EDIT To clarify the intetion of this question: I want to know if there are any general results on the cardinality of $A^{\mathbb{N}}$ other that it is strictly less than that of the power set of A.

Also, I was aware that the other inclusion isn't true in general (as the post on here I linked to gave a counterexample), but thanks for pointing out why too. :)

  • $\begingroup$ In general $\mathcal{P}A \not\subseteq A^\mathbb{N}$... intuitively, because you can't label all the elements of $A$ by only countably many labels! $\endgroup$ – Katriel Dec 15 '10 at 17:31
  • $\begingroup$ Maybe you rather feel like the set ${\mathbb{N}}^A$ should have the same cardinality as the power set of A, if A is infinite? $\endgroup$ – Hendrik Vogt Dec 15 '10 at 18:16
  • $\begingroup$ The containment $A^{\mathbb N}\subseteq{\mathcal P}(A)$ is false.
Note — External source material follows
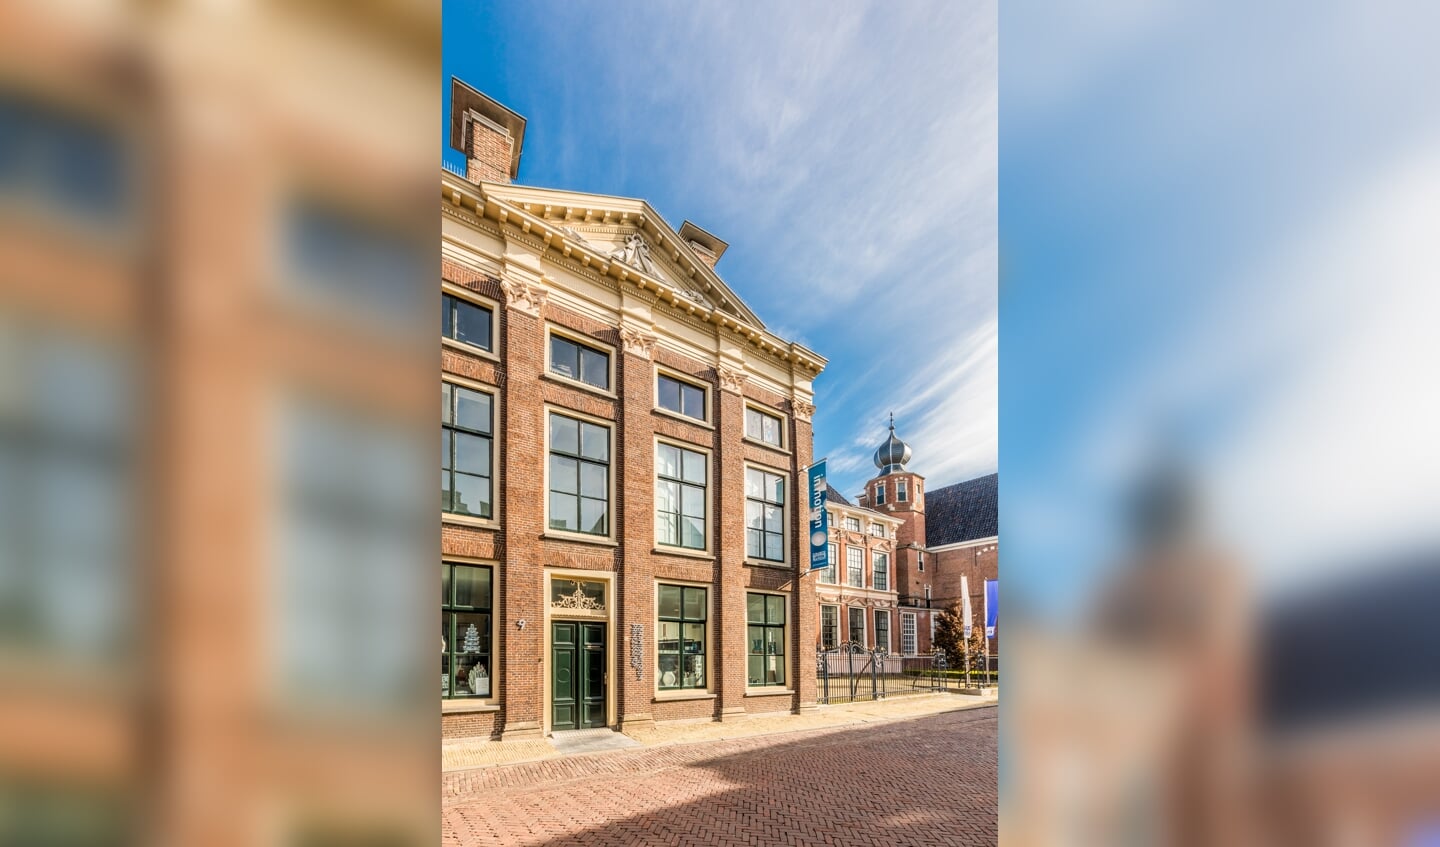 Keramiekmuseum Princessehof in Leeuwarden.
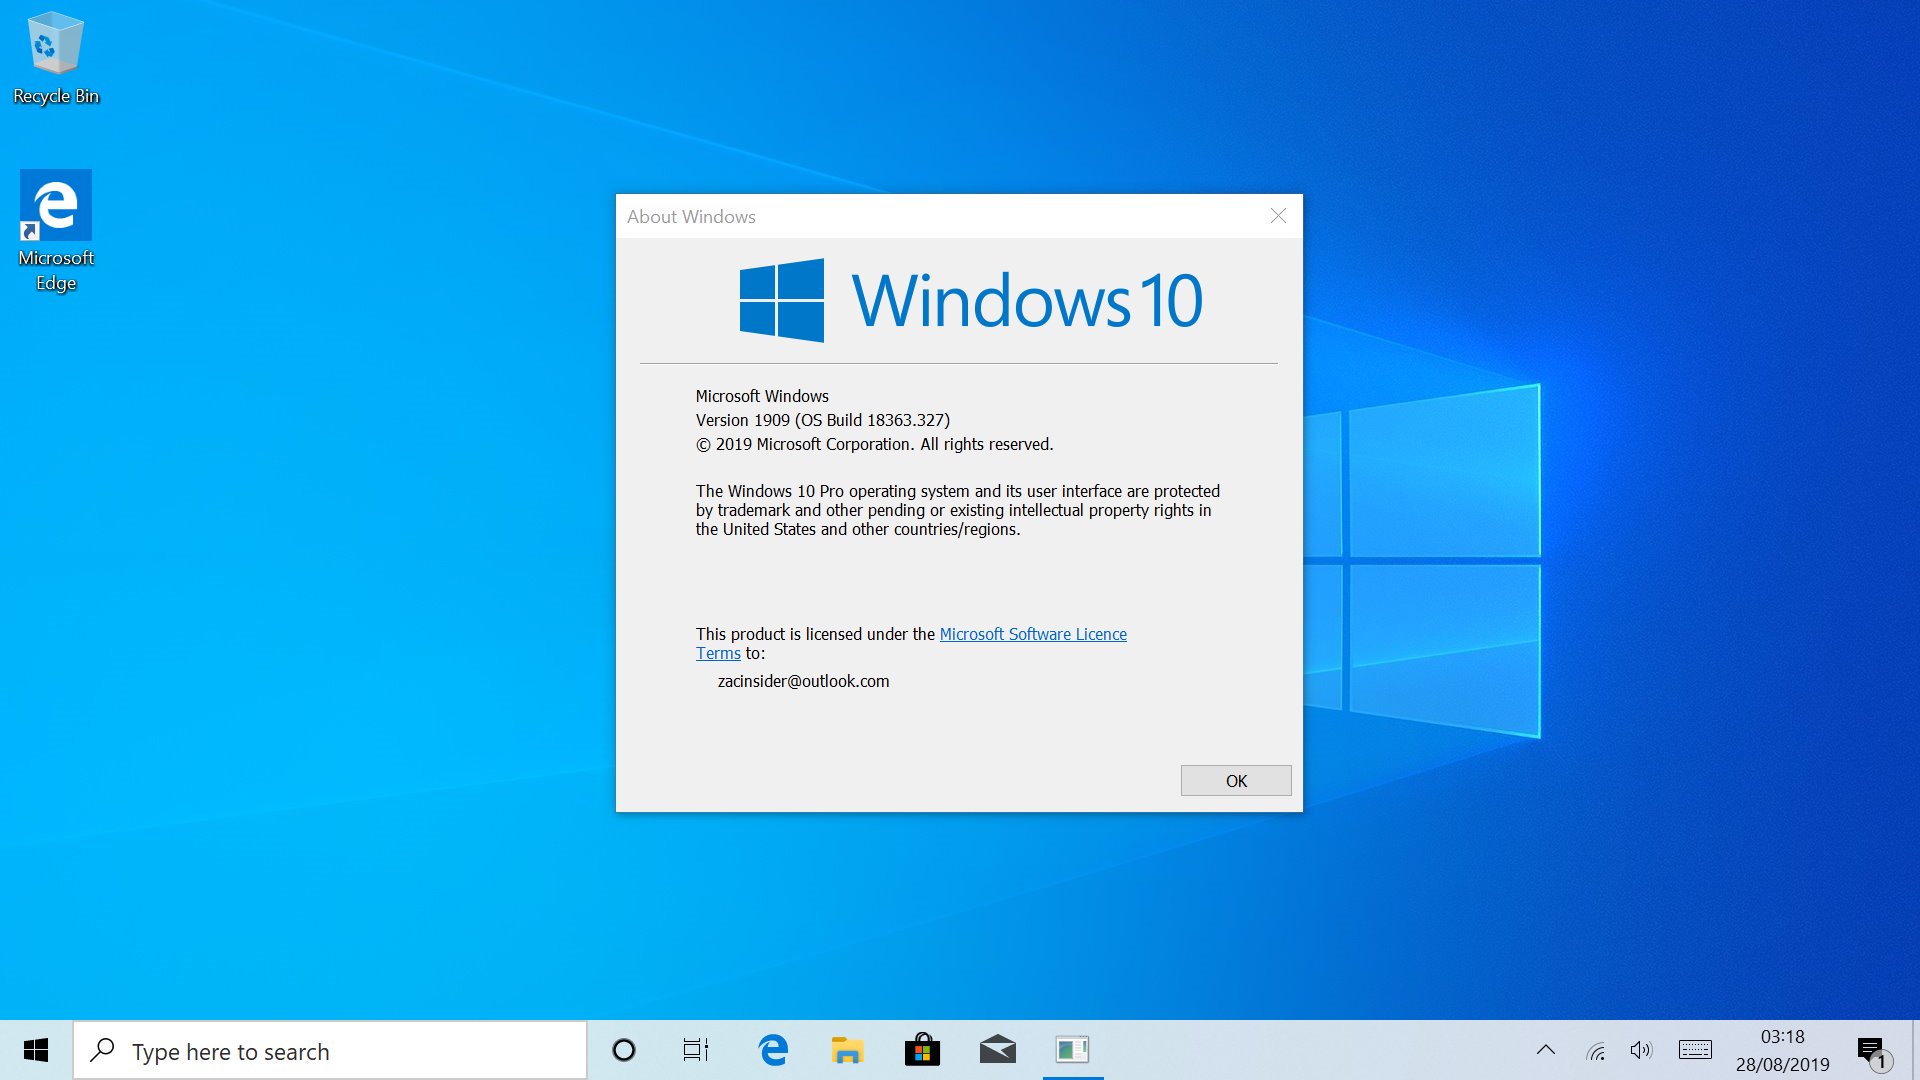 Kak windows 10. Windows 10 Pro 21h1. Windows 10 версия 1909. Windows 10, версия 20h2. Windows 10 версия 1903.

There is a difference between the collection of countable subsets of $A$ and the collection of (countable) sequences from $A$. The difference is irrelevant under the axiom of choice for $A$ infinite, but may matter in contexts where choice is not assumed. $\endgroup$ – Andrés E. Caicedo Dec 15 '10 at 18:43
  • $\begingroup$ @Andres Caicedo: thanks for pointing that out. I'm used to assume AC, so I rarely imagine how to do things without it (also because I'm not that good still). What was in my mind was something like this: $A^{\mathbb{N}} \subseteq A^A \cong P(A)$ by "$\cong$" I mean "in bijection with". $\endgroup$ – Andy Dec 15 '10 at 19:03
  • $\begingroup$ Mathematics without choice is very very very weird. Just take a look at the wikipedia entry for AC, there's a short list of examples for things that happen without choice (I recently purchased Jech's book "The Axiom of Choice" in which there are many properties, theorems and proofs involving the negation of choice. Sounds mighty fun.) $\endgroup$ – Asaf Karagila Dec 15 '10 at 19:14

From Jech's Set Theory, we have the following theorems on cardinal exponentiation (a Corollary on page 49):

Theorem. For all $\alpha,\beta$, the value of $\aleph_{\alpha}^{\aleph_{\beta}}$ is always either:

  • $2^{\aleph_{\beta}}$; or
  • $\aleph_{\alpha}$; or
  • $\aleph_{\gamma}^{\mathrm{cf}\;\aleph_{\gamma}}$ for some $\gamma\leq\alpha$ where $\aleph_{\gamma}$ is such that $\mathrm{cf}\;\aleph_{\gamma}\leq\aleph_{\beta}\lt\aleph_{\gamma}$.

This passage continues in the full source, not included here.